Караульный, выйдя из цейхгауза в сводчатый коридор, нацепил на сапоги мягкие кеньги - в таких же кеньгах по коридору вышагивал часовой. Каменный пол в коридоре был устлан матами, тут шаги слышались как легкий шорох.
Отворили перед Шелгуновым дверь камеры под номером первым. Он вошел и увидел высокое зарешеченное окно. Нижние шесть стекол были густо забелены мелом и непроницаемы. Через два верхних стекла можно было увидеть небо и ржавый край крыши, больше ничего. В камере - столик, табурет, зеленая деревянная кровать - ее застелили. Караульный вышел.
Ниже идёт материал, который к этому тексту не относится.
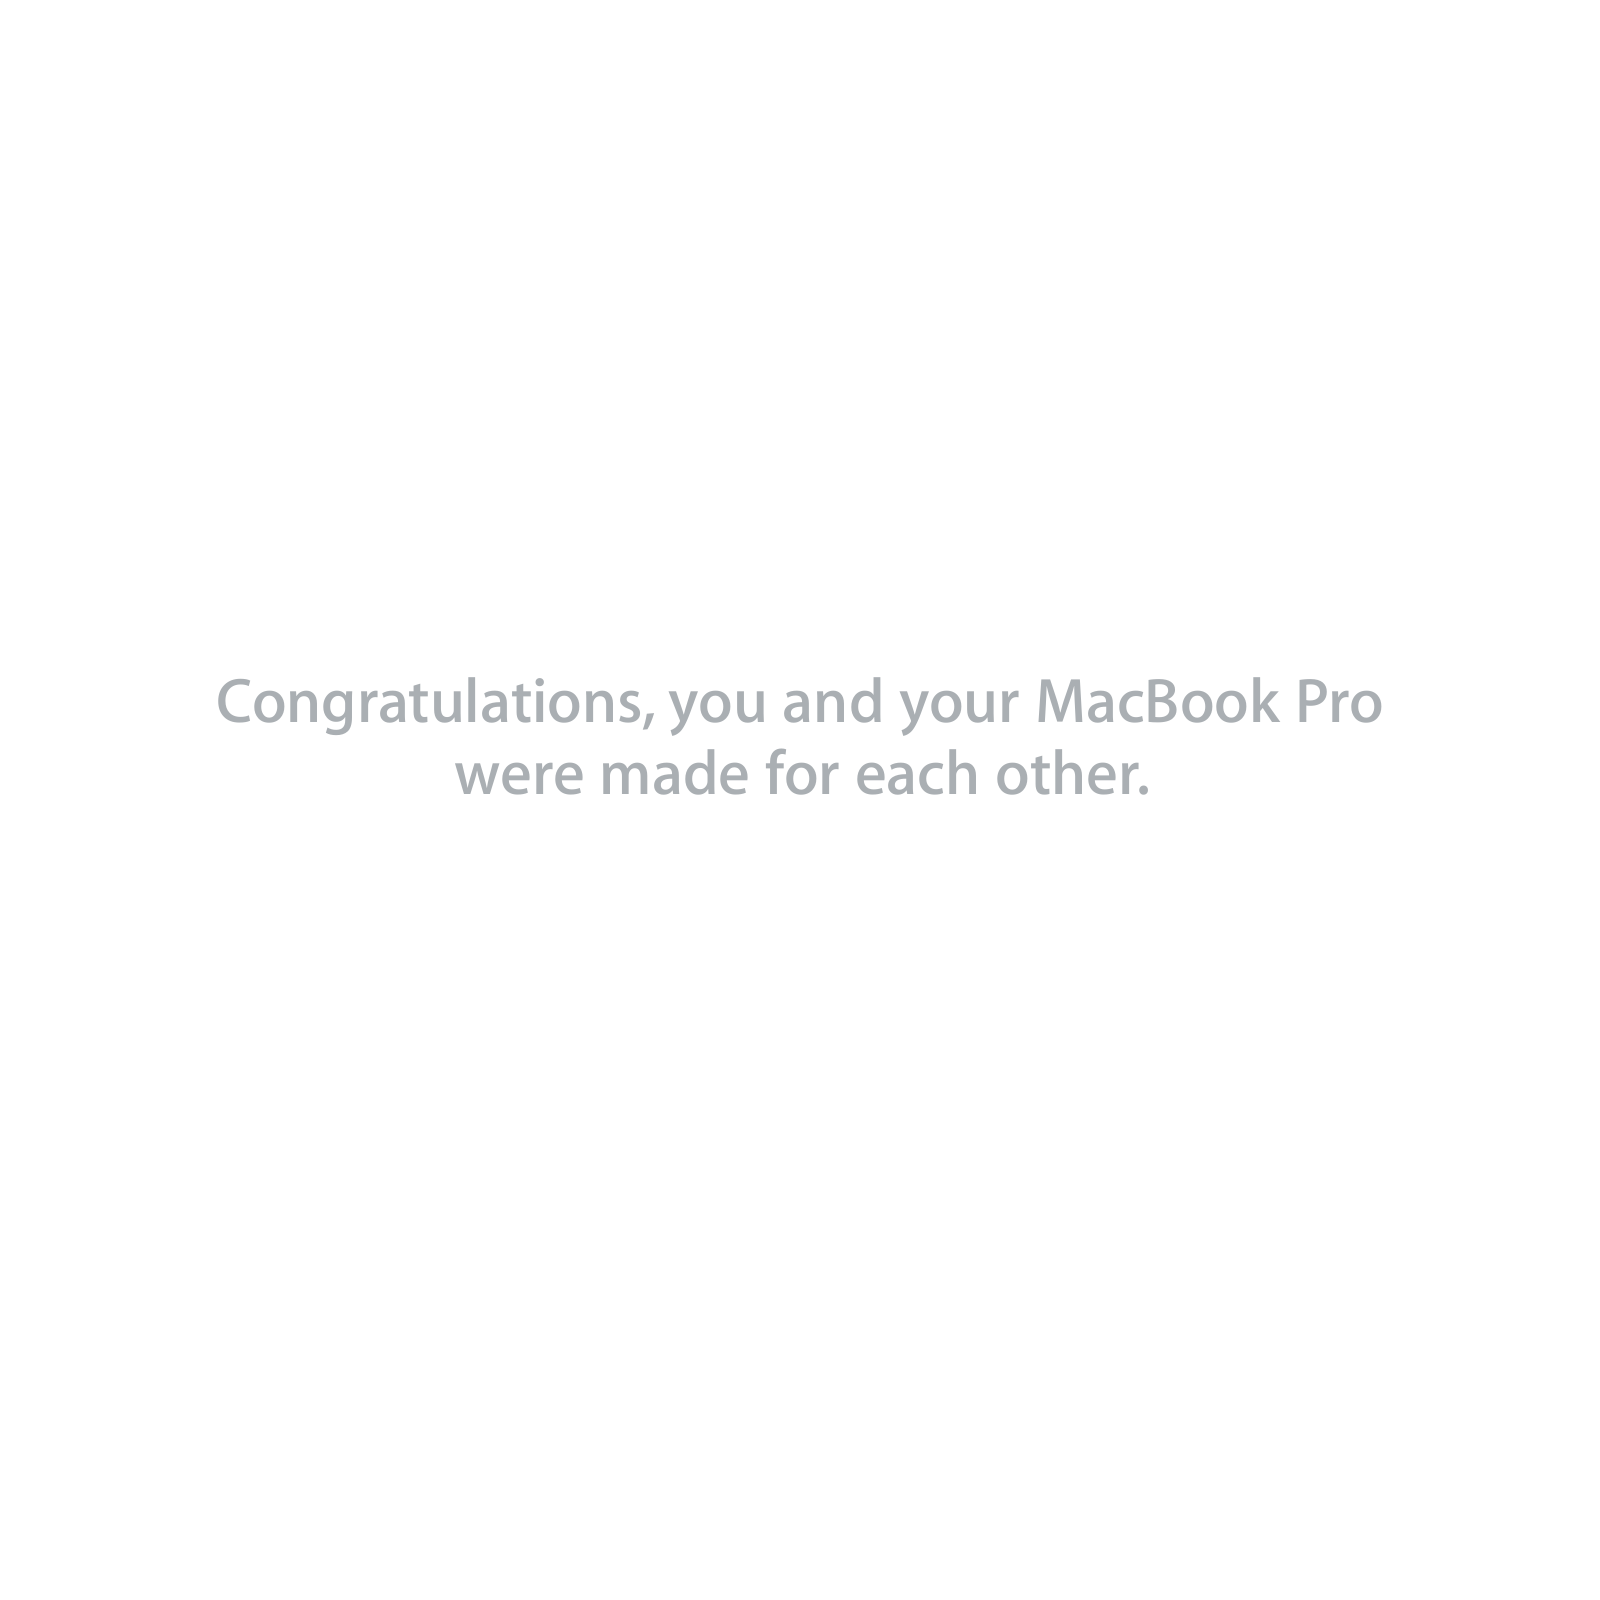 Apple MACBOOK PRO 15 INCH User Manual 2011

Запер дверь на два поворота ключа - два раза щелкнул замок. Шелгунов обратил внимание на окошко в двери, прикрытое со стороны коридора зеленой занавеской.
Он остался один в мертвой тишине. Тяжело вздохнул и явственно услышал собственный вздох. И подумал, что где-то рядом, должно быть, заключен Чернышевский. Вот чья выдержка здесь подвергается испытаниям уже многие месяцы... Сегодня - 15 апреля.
В коридоре послышался бой стенных часов. Вдруг он увидел: в дверном окошке приподнялась занавеска и чей-то глаз пристально посмотрел на него из полутьмы коридора. Шелгунова передернуло. Он отвернулся.
Когда стало смеркаться, в двери снова два раза щелкнул замок. Солдат внес в камеру зажженную свечу и поставил на столик. Потом принес закопченный медный чайник и на деревянном подносе хлеб и оловянный стакан. Невеселым чаепитием оканчивался первый день заключения в крепости. Гасло небо в верхних стеклах окна...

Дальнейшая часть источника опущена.